Sorry, messed up writing this. I mean when the header is "From : foo@example.com <mailto:foo@example.com>" - some parsers treat it as "From" header and some as "From " with a space.

>> 2c) Folding space before ":"
> 
> Not valid but I don't think I've ever seen it.
> 
> Over in DMARC land people have been arguing for years about what to do
> about misleading display names, and getting nowhere. 

These aren't about display-names though, which the client could handle how it wishes, but the actual email addresses visible to client via ENVELOPE.

> While I certainly believe that it's possible to do spam filtering
> looking for patterns that are likely to be phishes, I really don't
> think that the IMAP address parser is the place to do it.

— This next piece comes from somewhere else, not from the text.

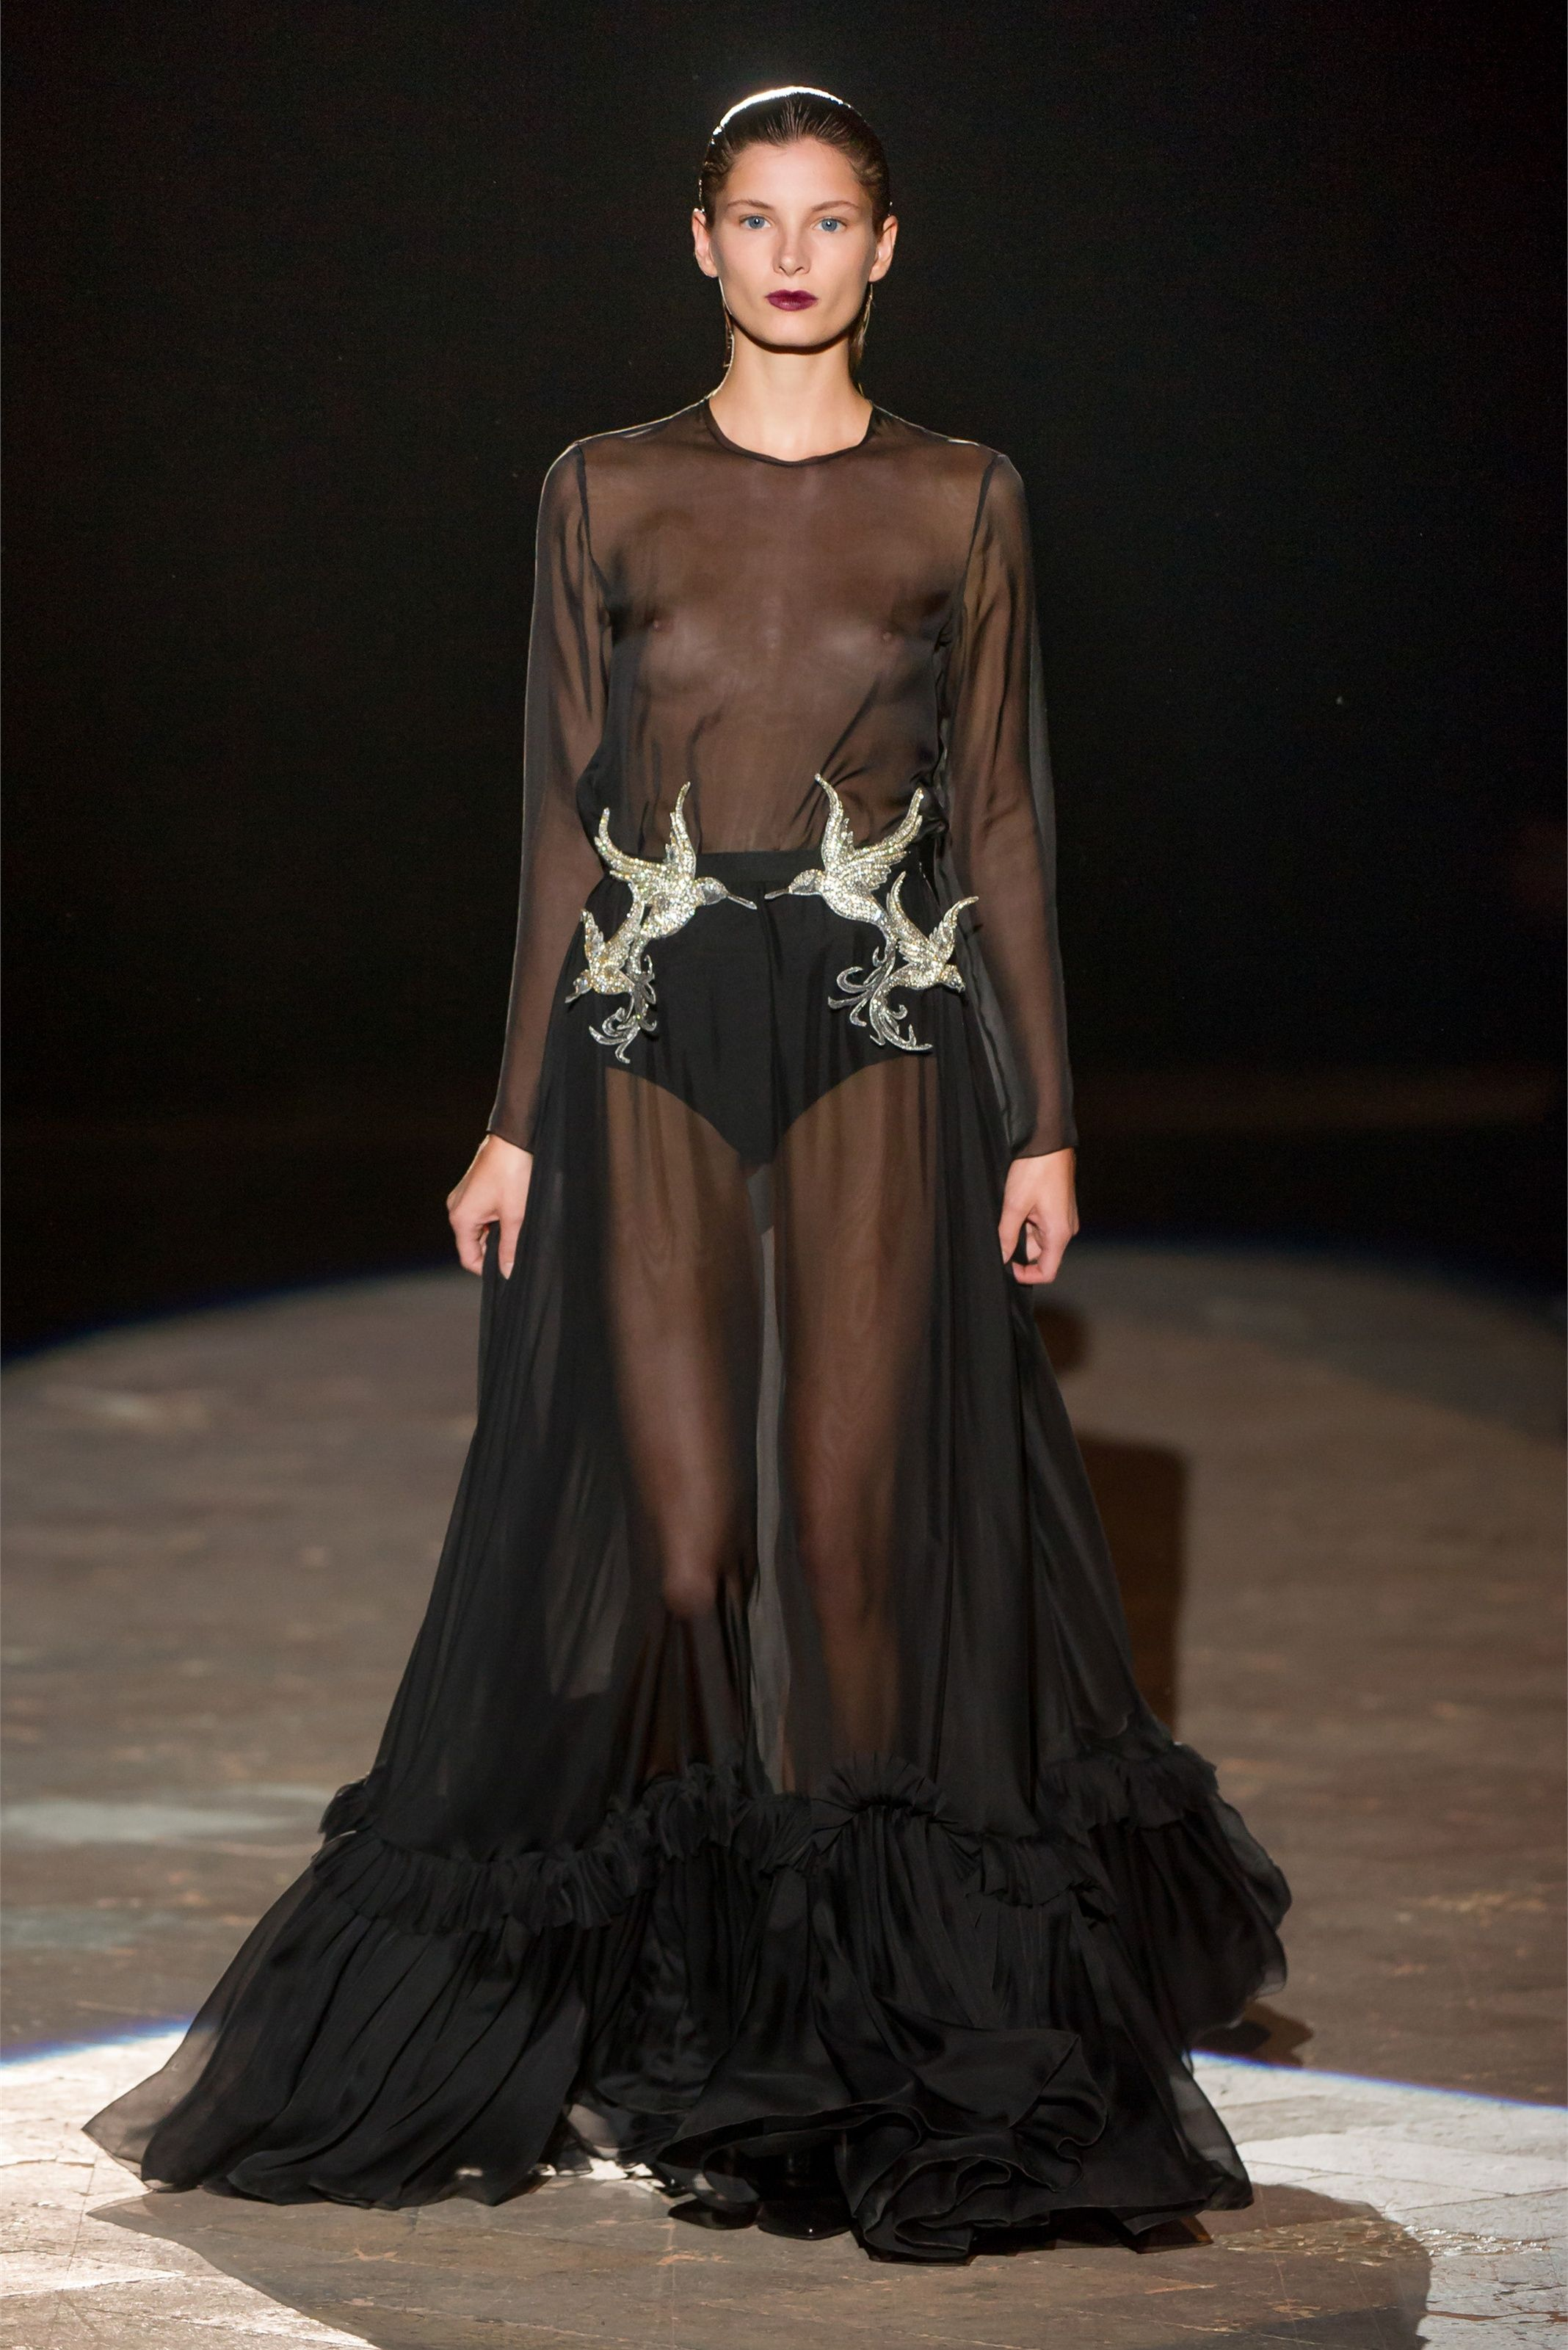 Sfilata Francesco Scognamiglio Milano - Collezioni Primavera Estate 2013 -  Vogue 77299e7758b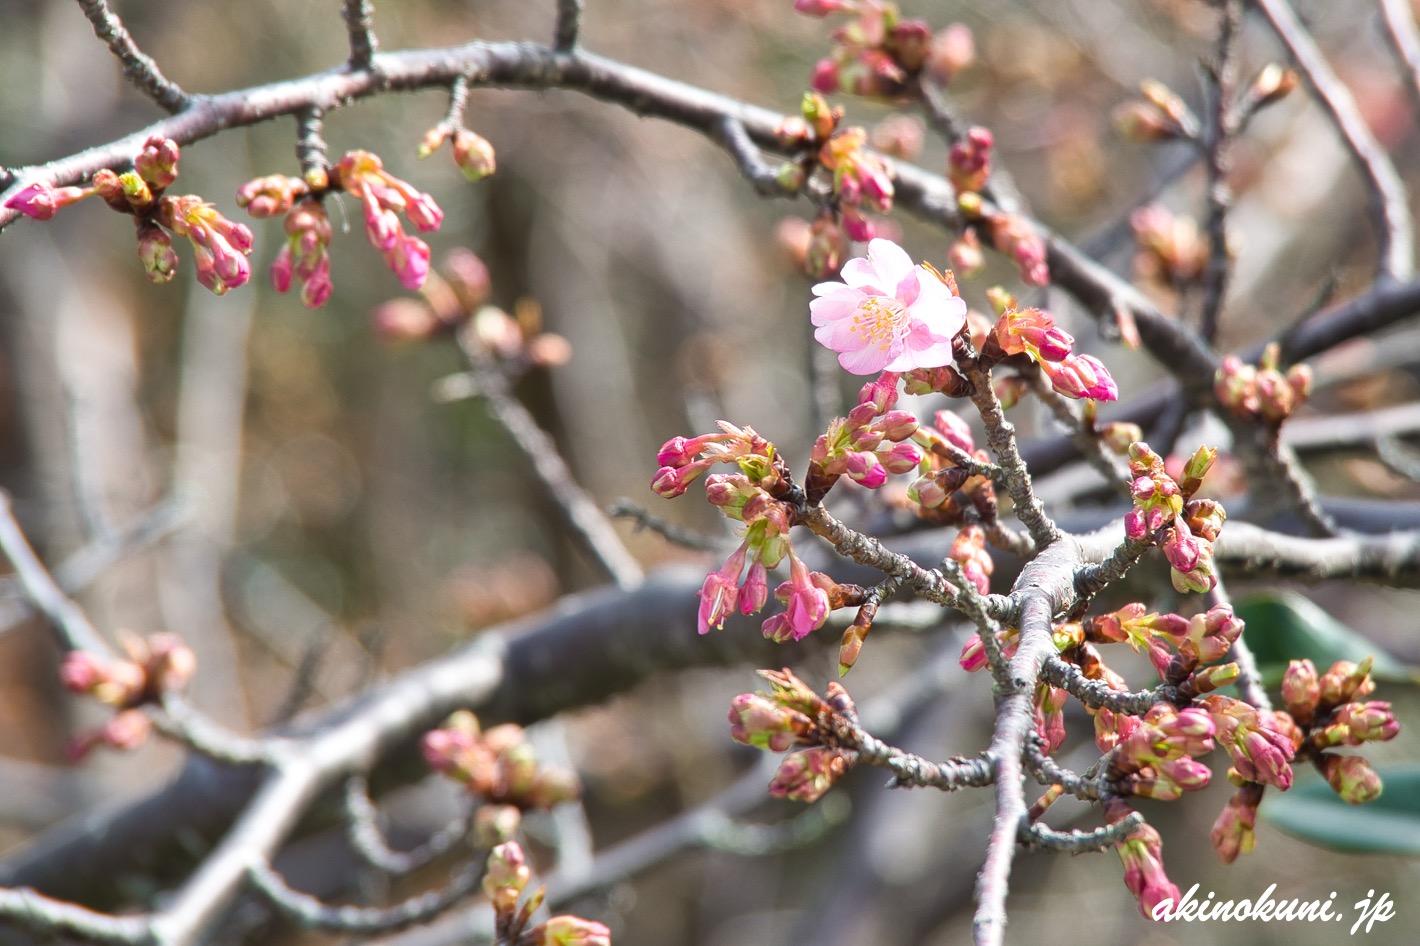 ハート島を観る場所の河津桜 1

But IMAP server is the one parsing the addresses into ENVELOPE, which the MUAs can use. We have the same problem that mail could look like it's fully DMARC-validated (and/or whatever other validation method is being used), but due to different parsers the From address could end up looking like it's fully valid to client even though it's not what was actually validated due to parsing differences. The only way for client to avoid this issue now would be to not use ENVELOPE at all and parse the headers itself.